When this Wuhan-based businessman refers to himself as “Crazy Chen”, you know it carries a sort of pride in it. It’s not lunatic crazy. It’s Steve Jobs crazy. He is the Chairman and founder of this Chinese start-up that makes a kind of environmentally-friendly plastic (I will not reveal too much technical details here). As someone who moved from real estate into manufacturing at the age of 54, Chen carries the mixed disposition of new money shamelessness and entrepreneurial respectability. He spent the first ten minutes of his speech boasting about how rich he was (he had a dozen debit cards each containing over 5 million RMB). He used inappropriate language to refer to women (a common feature of Chinese men of his age). He even bragged about how young he looked (indeed he did not look like someone over 70. Not sure how much money he had spent on cosmetics). On the other hand, his personal story of self-elevation does carry a flavor of legend on the verge of mythology. He decided to pursue a master’s degree in polymer science well after middle age, with almost zero preparation in math and English (two key subjects of the entrance exam). He claimed that he mastered math by himself within a few month and gave up completely on English (got only 26 in 100). Even so he still managed to get into one of Hubei province’s major universities and got his degree in a few years. Through the exposure to the academic world he developed this weird idea of citations: that citation means borrowing from others without innovation. And he wanted to do something new. So he started to spend long hours in his laboratory developing new materials, materials that are more friendly to the environment than traditional fossil based plastics. He claimed that once he stood in the lab for a straight seven days without rest. After he got home, his legs were so swollen that his wife had to use a scissor to cut off his pants before he could get into bed. He fell into sleep and stayed in a coma-like state for 48 hours.

When the 25 of us landed in Wuhan last week, we were immediately shuttled to Chen’s company headquarters, the fruition of his crazy hard work in the laboratory. The company is now managed by his son, “Crazy Chen Junior”. He brought us to our first stop inside the office building, a fancy showroom with all their products, certificates and awards on display. Two years ago, China’s President Xi took some interest in their products when he visited Wuhan. And not surprisingly his picture was featured prominently in the exhibition.

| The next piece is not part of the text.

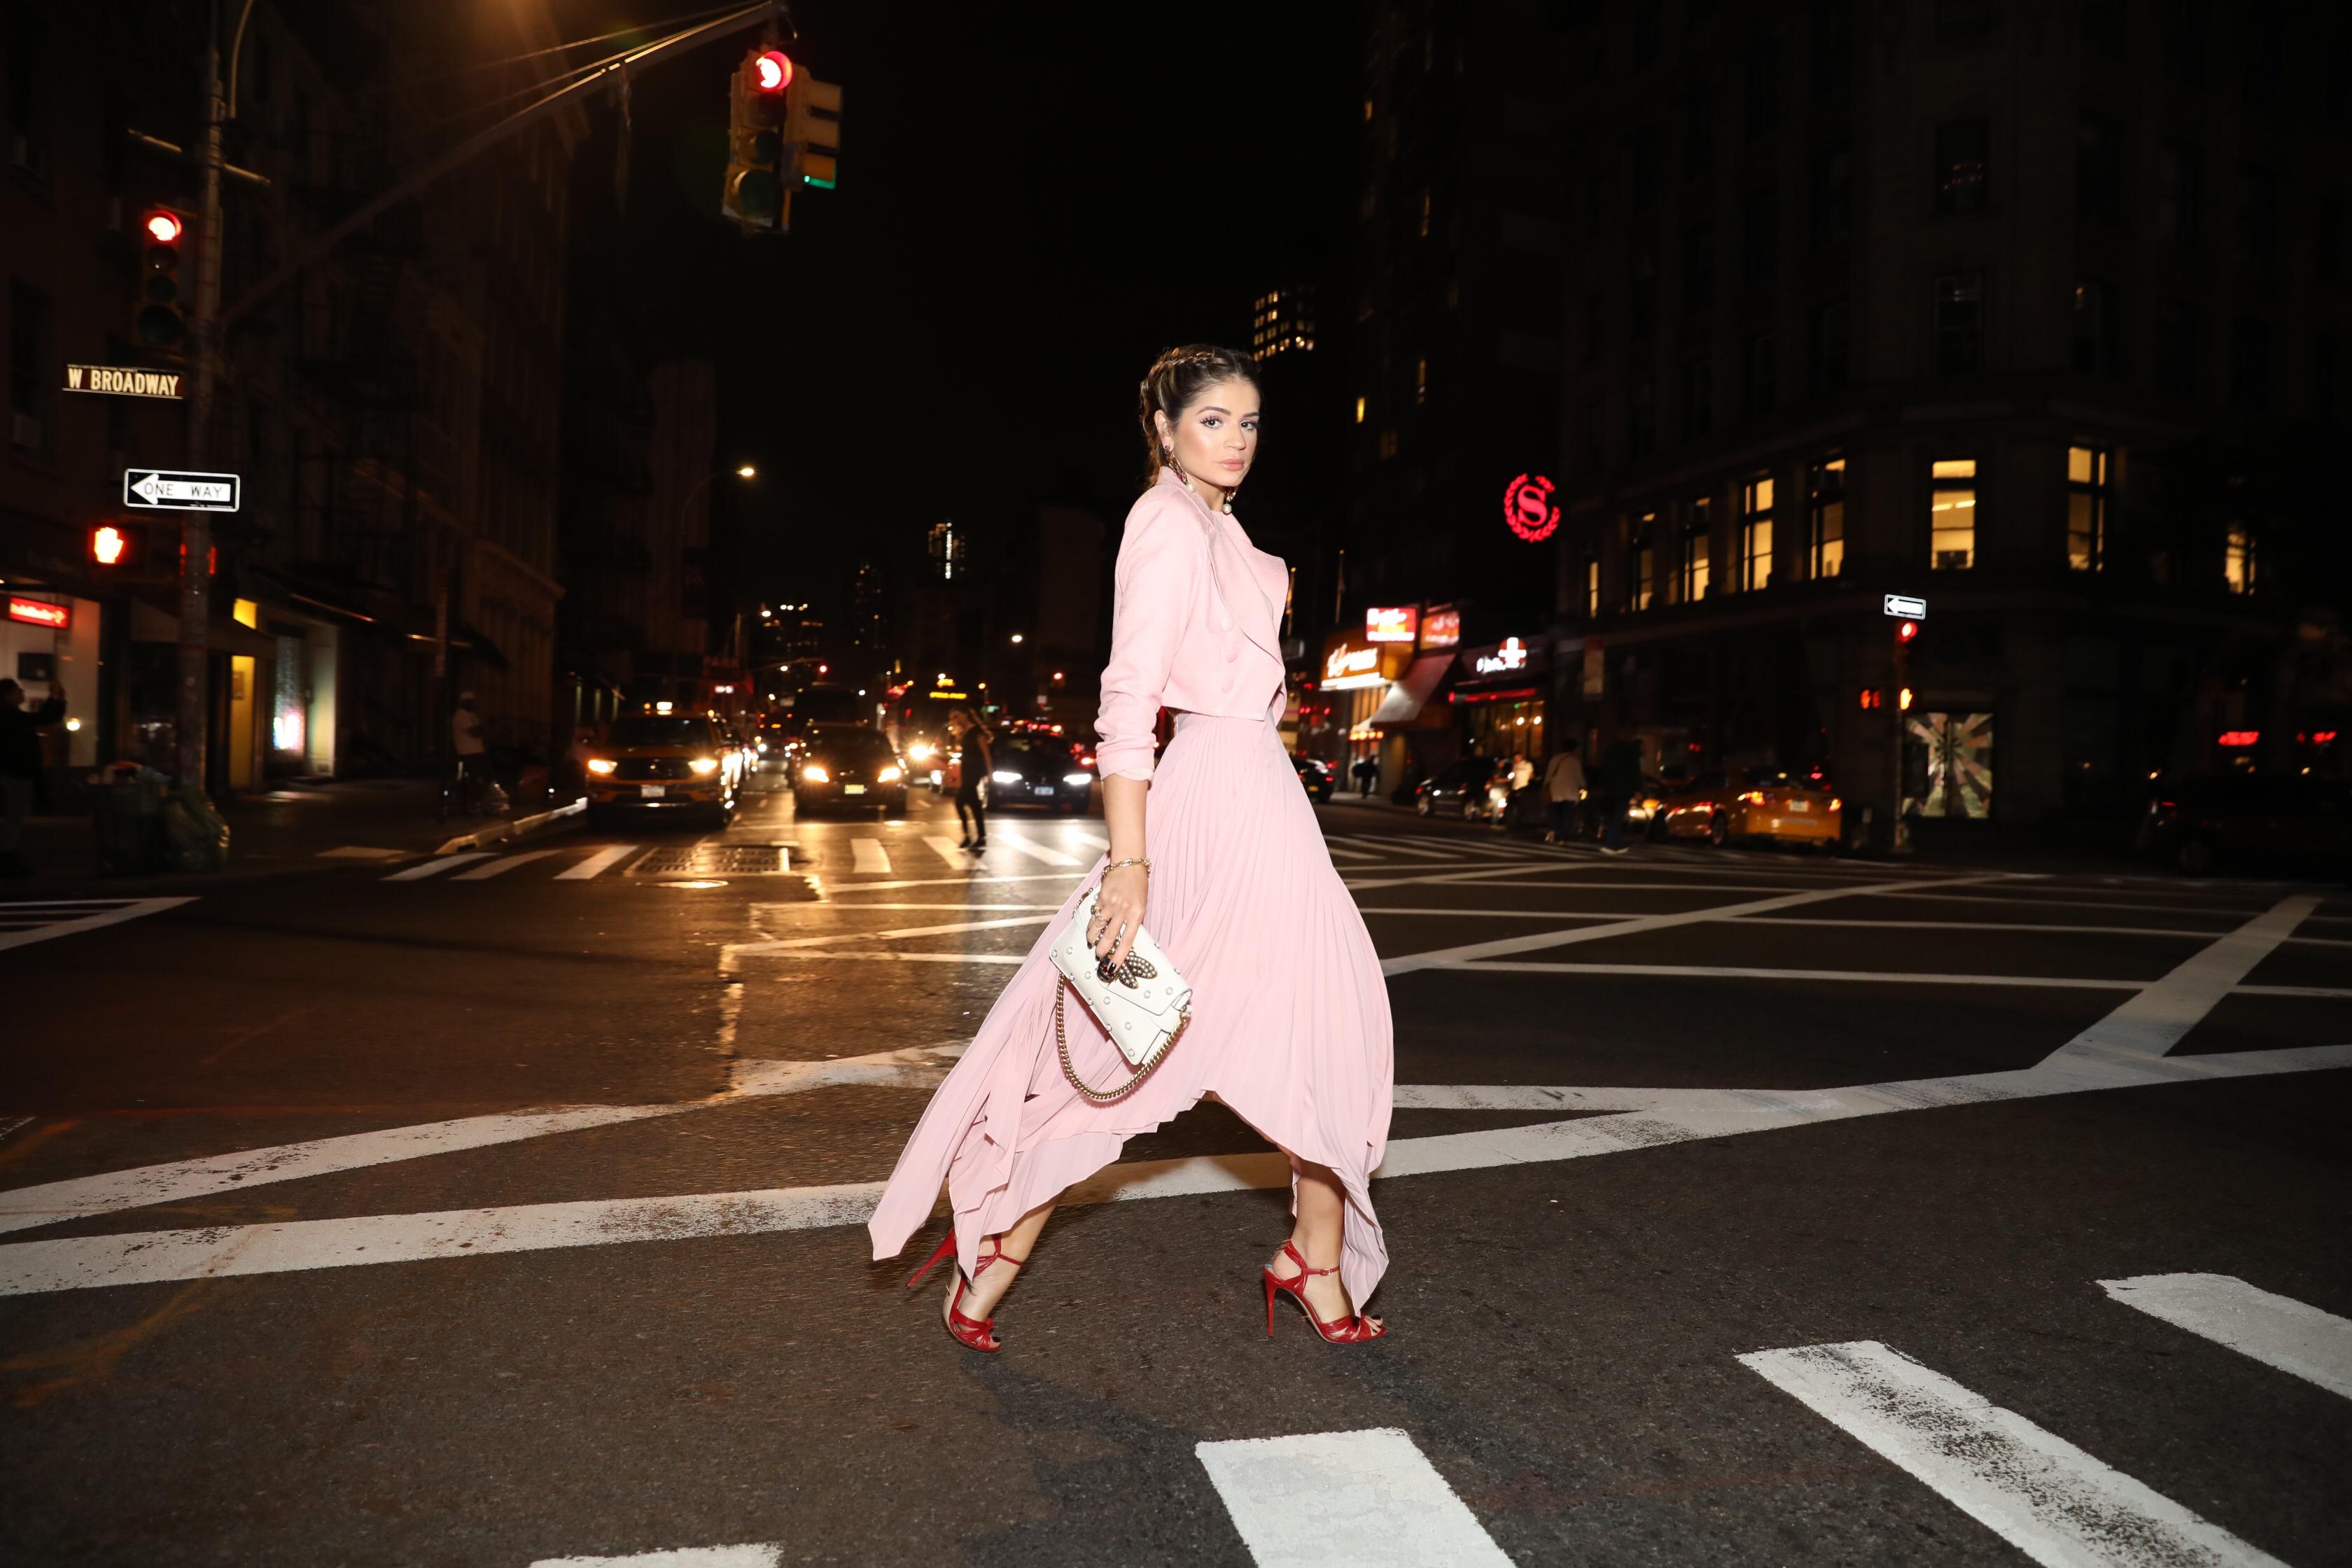 Thassia de rosa iorane NY 5

Our immediate next stop was their research labs which they seemed to take particular pride in. The director of their R&D department, a young petite woman, showed us around and introduced the working of their equipment and devices. The labs betrayed a resemblance to those rudimentary ones that you saw in high schools. But the company’s technological edge is not to be underestimated. It held dozens of international and national patents and was among the first Chinese companies to have had received the most stringent certificates from Europe and Japan for its materials. At this point I realized that this was not a poster boy Chinese SME that was complacent in making quick money by manufacturing fake Louis Vuitton handbags or tainted food. It is a technology driven enterprise that represents the break-away from the stereotype “made in China” workshops.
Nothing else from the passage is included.